On v0.1 of the Boards, I used the extra SPI interface of the ESP8266-12E Modules to still have enough Pins for the Buttons and other I/O. I also used the "User" and "Flash" Buttons in the same way the NodeMCU did and expected them to not be usable in any other way.
This was the pin mapping of the first version
As it turns out there are quite a few problems with this.
Firstly, the extra SPI Interface on the bottom of the symbol that I wanted to use for the microSD card is actually already connected to the external Flash Chip used to store the executable code for the ESP. Secondly, not only are the SPI pins in use, but the bottom pins are all in use, because the Flash is actually connected via an SDIO interface. As it turns out, Pin 10 (that is connected to the "Right" button is actually already used as a clock signal for the SDIO. This means that when the button is pressed, the clock is held low and the ESP gets stuck because it cant fetch anymore data from the flash.
However, of course the ESP does offer another SPI Interface. This one is mapped to the pins 12-15 in the following manner:
pin | function |
12 | MISO |
13 | MOSI |
14 | SCK |
15 | CS |
So I had to reroute all the pins from the micro SD to these pins, which means I lost all other buttons (Left, Up and Down) that were connected on these pins, so the net problem was: how can I gain some more I/O pins from the ESP?
Well, it turns out that the USER Button that I copied from the NodeMCU schematic is already designed as general purpose input, so I could use it for one function, say Left (I initially thought that the FLASH and USER button were there to switch between flashing and running mode).
Next there was the flash button. it is connected to GPIO2 and pulls it low when pressed.
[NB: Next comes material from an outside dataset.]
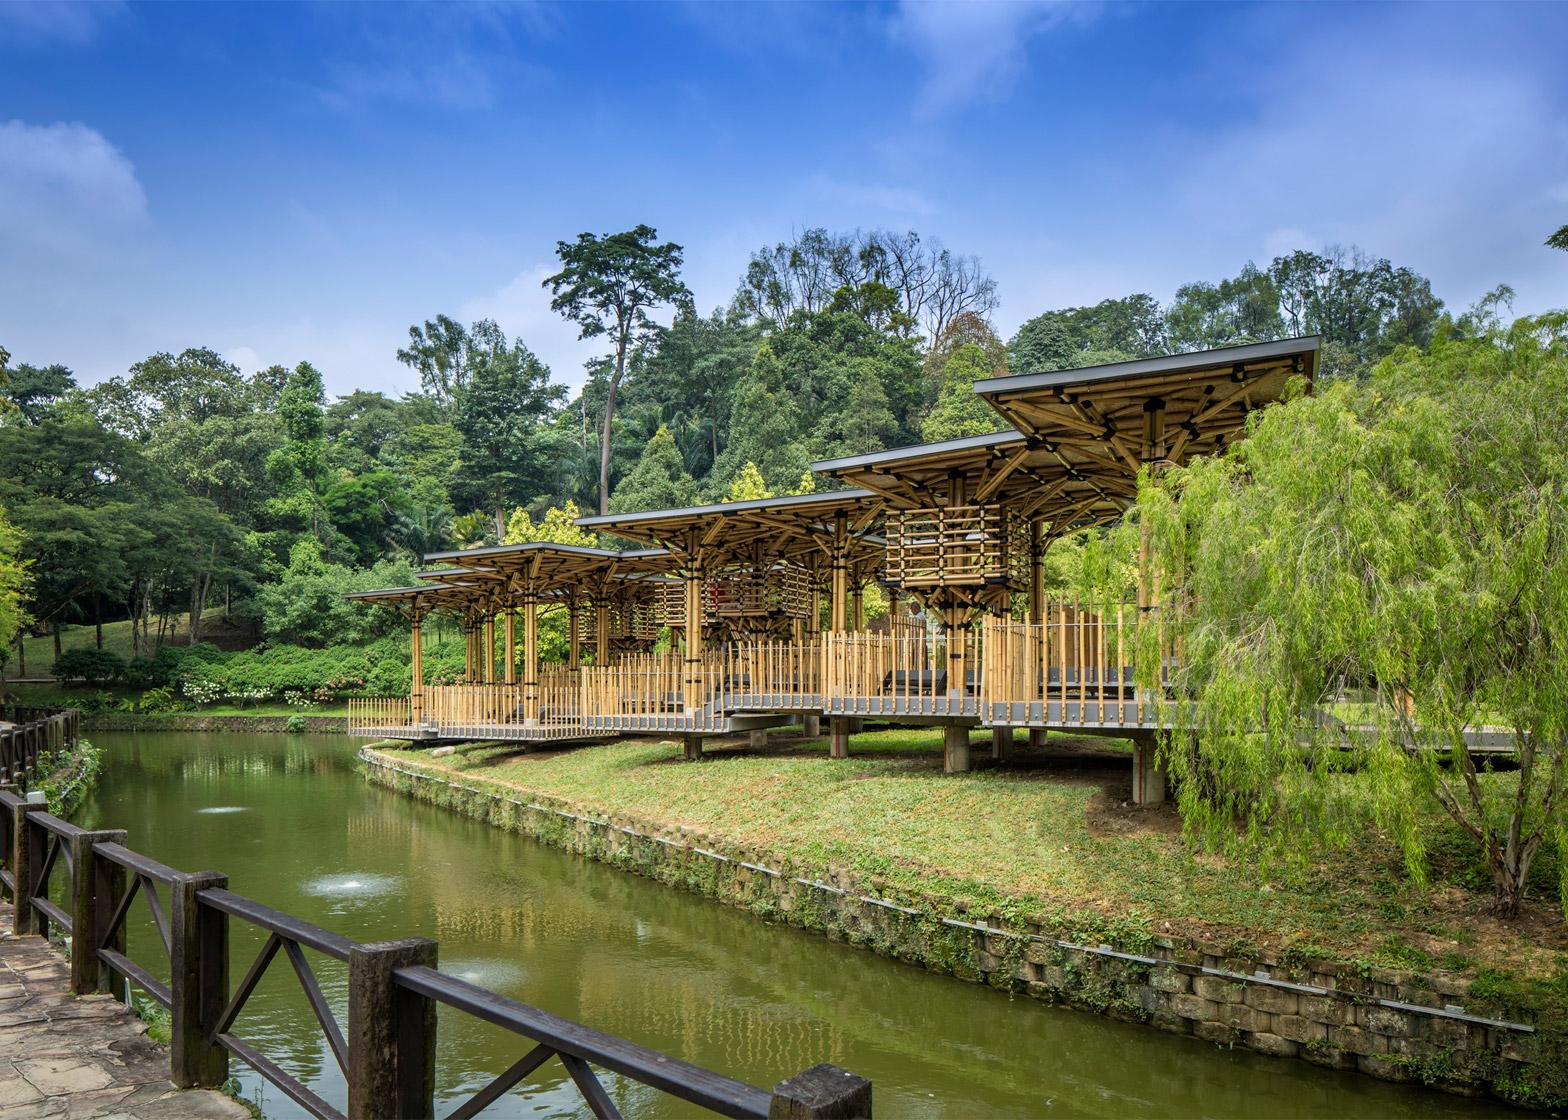 teatro-bambu-eleena-blog-usenatureza

GPIO2 is also connected via a pull-up to VDD. This is needed during boot. If GPIO2 is high during boot, it enters the normal run-mode and executes the user program, if GPIO2 is held low, it enters flash-mode. This check only happens during boot immediately after power-on. However after the chip booted, this pin can be used as a normal GPIO pin. This means that the FLAH-Button can also be repurposed as a normal button. The same principle is true for GPIO0. It also influences the boot behaviour, but after booting, it can be used as a normal GPIO. This means that there are now 2 more usable GPIO pins and I can connect 3 Buttons in total (GPIO16, GPIO2 and GPIO0).
In the v0.1 of the board I had 4 Buttons, in v0.2 there are only 3. The only way I can think of adding another Button would be to replace the I2C Display with an SPI one, which would free SCK and SCL (GPIO4 and GPIO5) but would require one new slave select pin. Still, we would end up with one more pin.
Another way would be to use some diodes and encode the buttons on the 3 available GPIOs as a binary input, which would make it possible to attach (2 ^ 3) - 1 = 7 Buttons in total, however I don't like the fact that pressing multiple buttons then is the same as pressing another button.
The v0.2 Board are ordered and I test how the interface turns out with 3 Buttons (one button needs to have two functions for enter/back which could be done with long clicks). If the UI is not really usable with only 3 Buttons I can evaluate the two options above.
I briefly worked on capturing the 4-way handshake, but gave up, as I could only get the first 112 bytes of the packets in promiscuous mode. You mention that as one of the planned features. Have you found a way around that limitation?
I'll have a try with the ESP32 next. Espressif claimed "full packet receive" in their current SDK release notes.